Con la ofensiva de al-Shabaab en 2025, el control territorial de esa geografía se volvía a retrotraer al de 2022, mientras que de hecho ya han quedado descartadas la posibilidad de las elecciones presidenciales que se deberían haber realizado este año, ya que el periodo oficial del presidente Mohamud, quien llegó al cargo por segunda vez en 2022, prometiendo “una guerra total al terrorismo” y que tendría que haber cesado su mandato el pasado mayo. Así todo no existe conceso para que puedan realizarse en un tiempo al menos prudencial, una nueva compulsa electoral, lo que abrirá ineluctable un nuevo foco de tensión.

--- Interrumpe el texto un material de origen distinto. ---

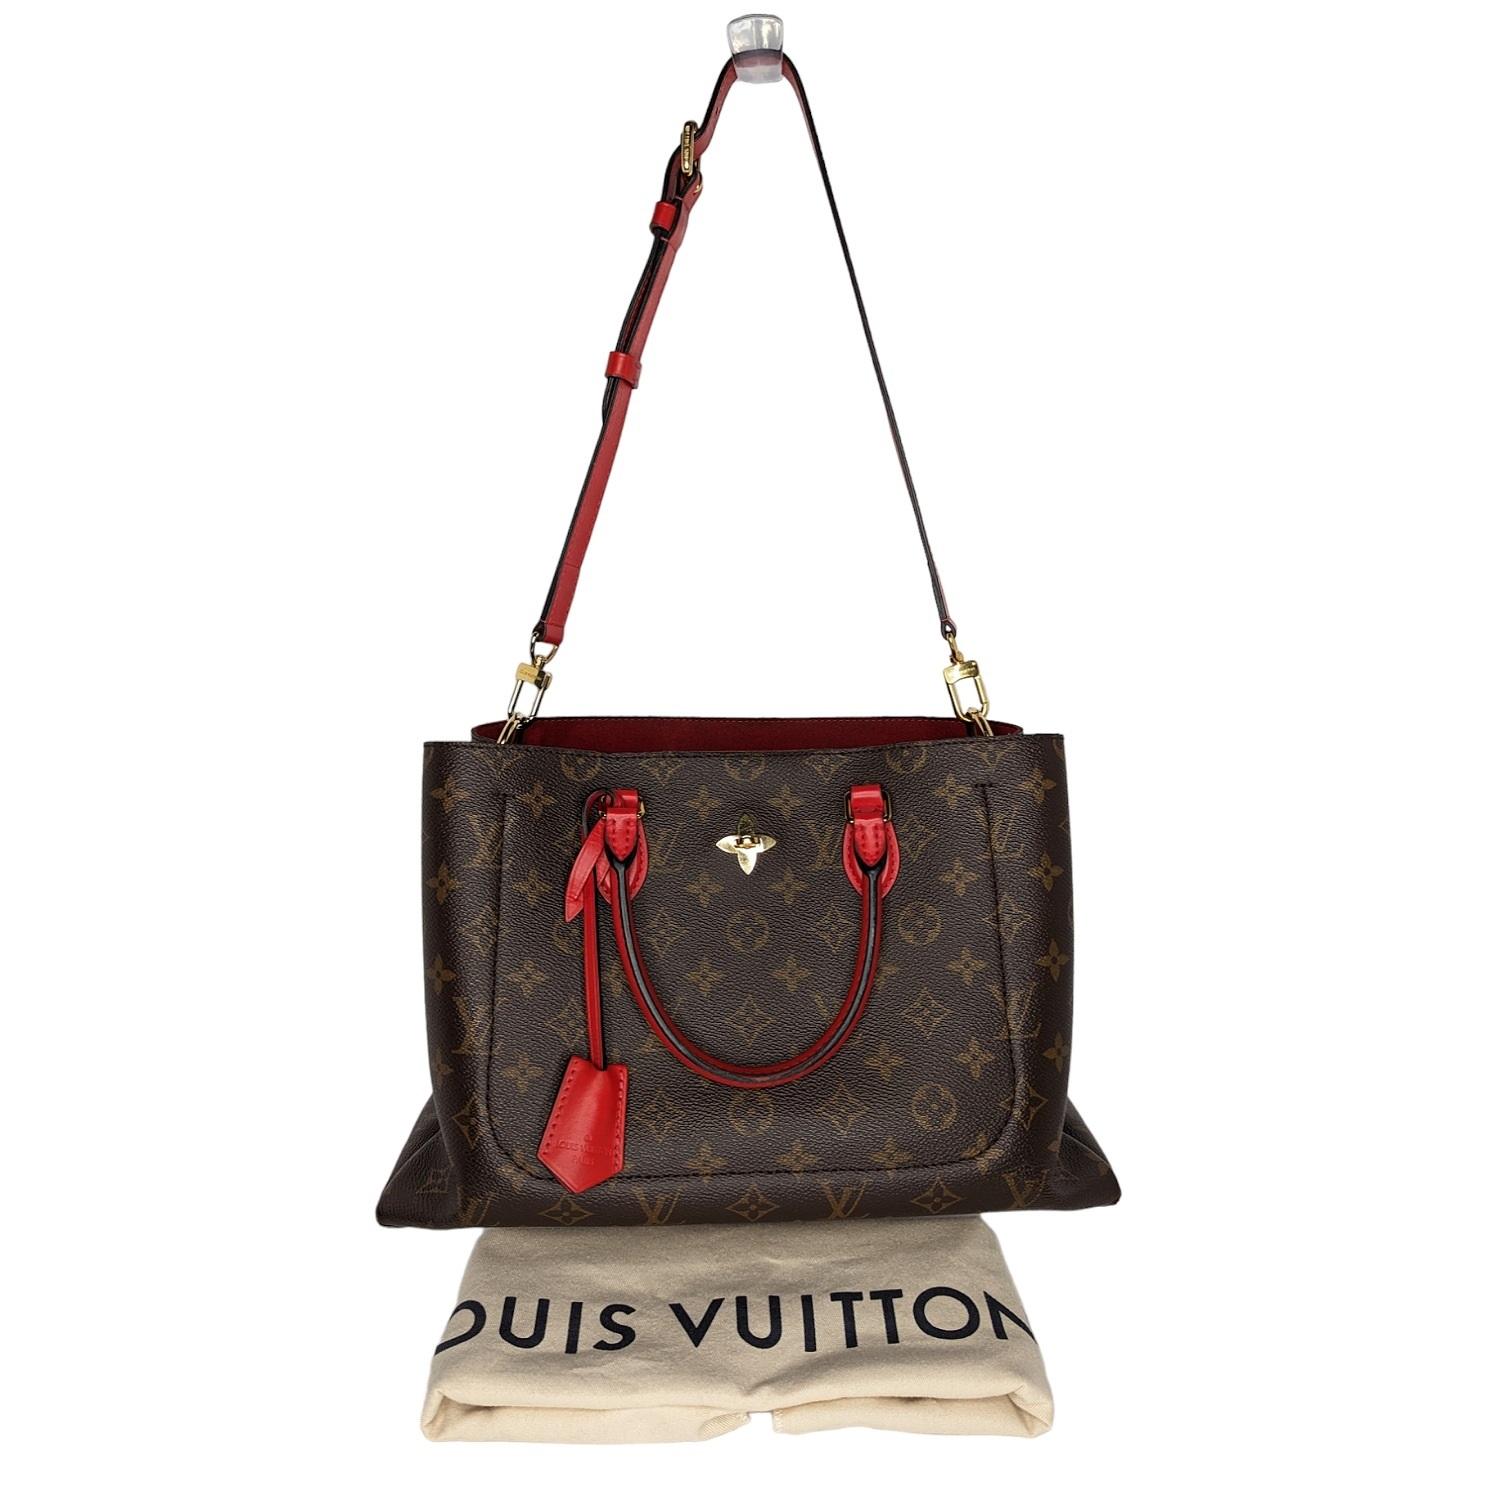 This chic and modern Flower Tote is a new creation from Louis Vuitton. This hobo features Monogram canvas, rolled leather handles, and a Monogram Flower padlock. The interior has one zipped pocket, two flat pockets, and is spacious enough for all

Es muy difícil imaginar que propuestas podría traer a su electorado un nuevo gobierno político, que otro nuevo intento, ¿en qué dirección marchar? ya que todo, absolutamente todo ha fracasado en Somalia, desde ensayos marxistas a principios dela década del noventa, a la llegada del fundamentalismo musulmán un década después de aquello, a las últimas pruebas neoliberales de las manos del Departamento de Estado norteamericano, con presidentes educados en Universidades de los Estados Unidos que llegaron con todo el aval de Washington.

Uno tras otro estos modelos se han estrellado frente a un muro de concreto, que tiene sus fundamentos en el pasado colonial, al igual que prácticamente en todos los países del continente, que han sido marcados a hierro por todo lo que vino después de las concesiones que se auto concedieron las naciones europeas que participaron de la Conferencia de Berlín (1884-1885).

Somalia no escapa, ni escapará, por un largo tiempo del constante ciclo de violencia en el que esta apresada, por lo que, en algunas semanas, sino antes, estaremos otra vez hablando de más muerte, de más desesperación lo que significa absoluta normalidad.


Guadi Calvo es escritor y periodista argentino. Analista Internacional especializado en África, Medio Oriente y Asia Central.